The almost 100-year-old Kruzenshtern, a Russian-flagged, four-mast training vessel, often seen in ports across Europe as Russia's ambassador, intended to dock in Mariehamn on the Åland islands from September 18-20. However, the request was ultimately turned down by the Finnish Armed Forces, the Finnish daily Hufvudstadsbladet reported.
Tomas Ries, a security expert from the Swedish National Defense College in Stockholm, suggested this was no coincidence and ventured that the "actual" purpose of the Russian request was to test its neighbor's reaction.
"This was carefully calculated and thought-out. It is as if Russia wanted to test Finland, in order to try to push the boundaries of what Finland would find acceptable," Tomas Ries said.
According to Ries, the demilitarized Åland islands are extremely vulnerable to outward aggression. In a wild stretch of imagination, Ries painted the Kruzenshtern as a sort of a Trojan horse filled with elite soldiers.
"While the vessel is certainly not up to date, you may nevertheless envisage that the so-called cadets on board are in fact Russian Spetsnaz soldiers. A couple of hundred of them could therefore embark in Mariehamn and quickly take over Åland by securing the airport and the harbors before heavy forces come ashore," Tomas Ries said, admitting that this was a theoretical and unlikely scenario, which Russia nonetheless "might want to practice."
Previously, the historic Russian tall ship had been a welcome guest in Finnish ports. It even visited Finland earlier this summer during the Tall Ships Races in Turku and Kotka.
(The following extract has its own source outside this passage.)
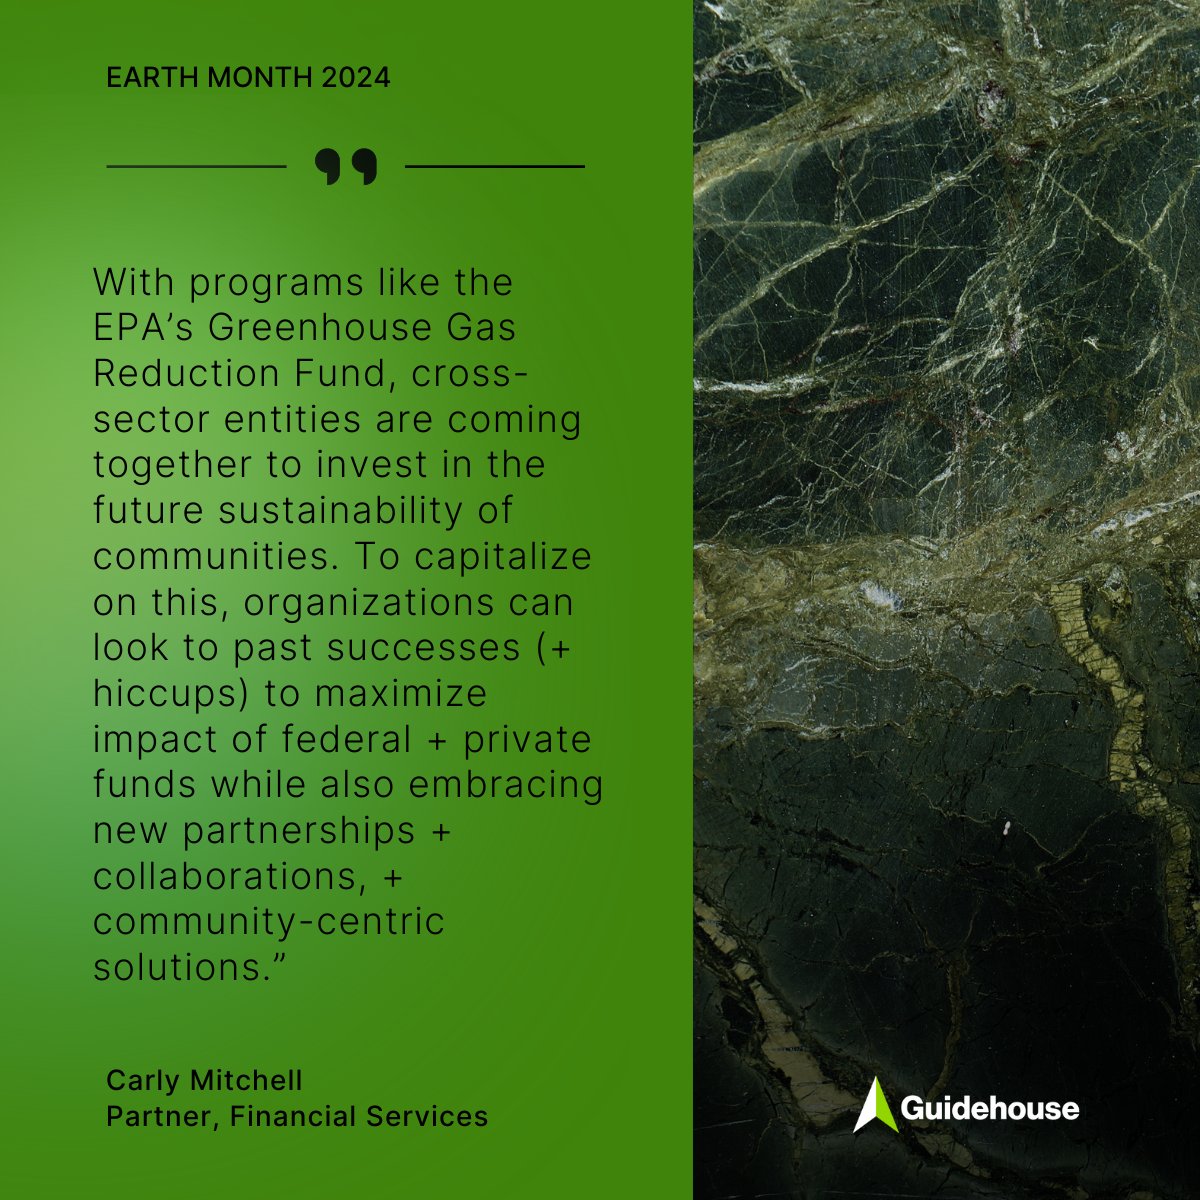 The US @EPA has announced the Greenhouse Gas Reduction Fund (GGRF) awards. As applicants plan for their first year, #GuidehouseExperts share lessons learned: guidehou.se/3wVBFEJ #EarthMonth #EarthDay

I visited #Kotka today to see Tall Ships Races 2017 vessels. Kruzenshtern, bow of Cisne Branco and Sedov. #Крузенштерн #CisneBranco #Седов pic.twitter.com/SYqc1y3Jpo
— Matias Takala (@elfsprite) July 15, 2017
Local Åland leaders had been hopeful that a Kruzenshtern visit would help to improve the capital city Mariehamn's, chances of hosting the next Tall Ships' Race in 2021.
"Neither the local government nor the parliament has received any information. This is a decision taken wholly by the Helsinki Chief of Staff, and by extension the Finnish government," Katrin Sjögren told Finnish national broadcaster Yle.
Unlike the Kruzenshtern, which is strictly a training vessel, the autonomous and demilitarized Åland has been visited by tall ships formally registered as warships, which were granted exemption from the Åland Convention to the dismay of the Finnish Armed Forces, whose vessels or personnel are not welcome at Åland.
The Kruzenshtern was originally built and flagged in Germany in 1926 as the Padua. Twenty years later, Germany surrendered the ship to the Soviet Union as part of World War II reparations.
Subsequently, the Kruzenshtern has been renamed after Russian admiral Baron Ivan Kruzenshtern, who led the first Russian circumnavigation of the globe. It is currently used by the Russian Marine Academy in Kaliningrad which trains cadets in the fishing industry and research. At present, there are 164 cadets aboard the ship.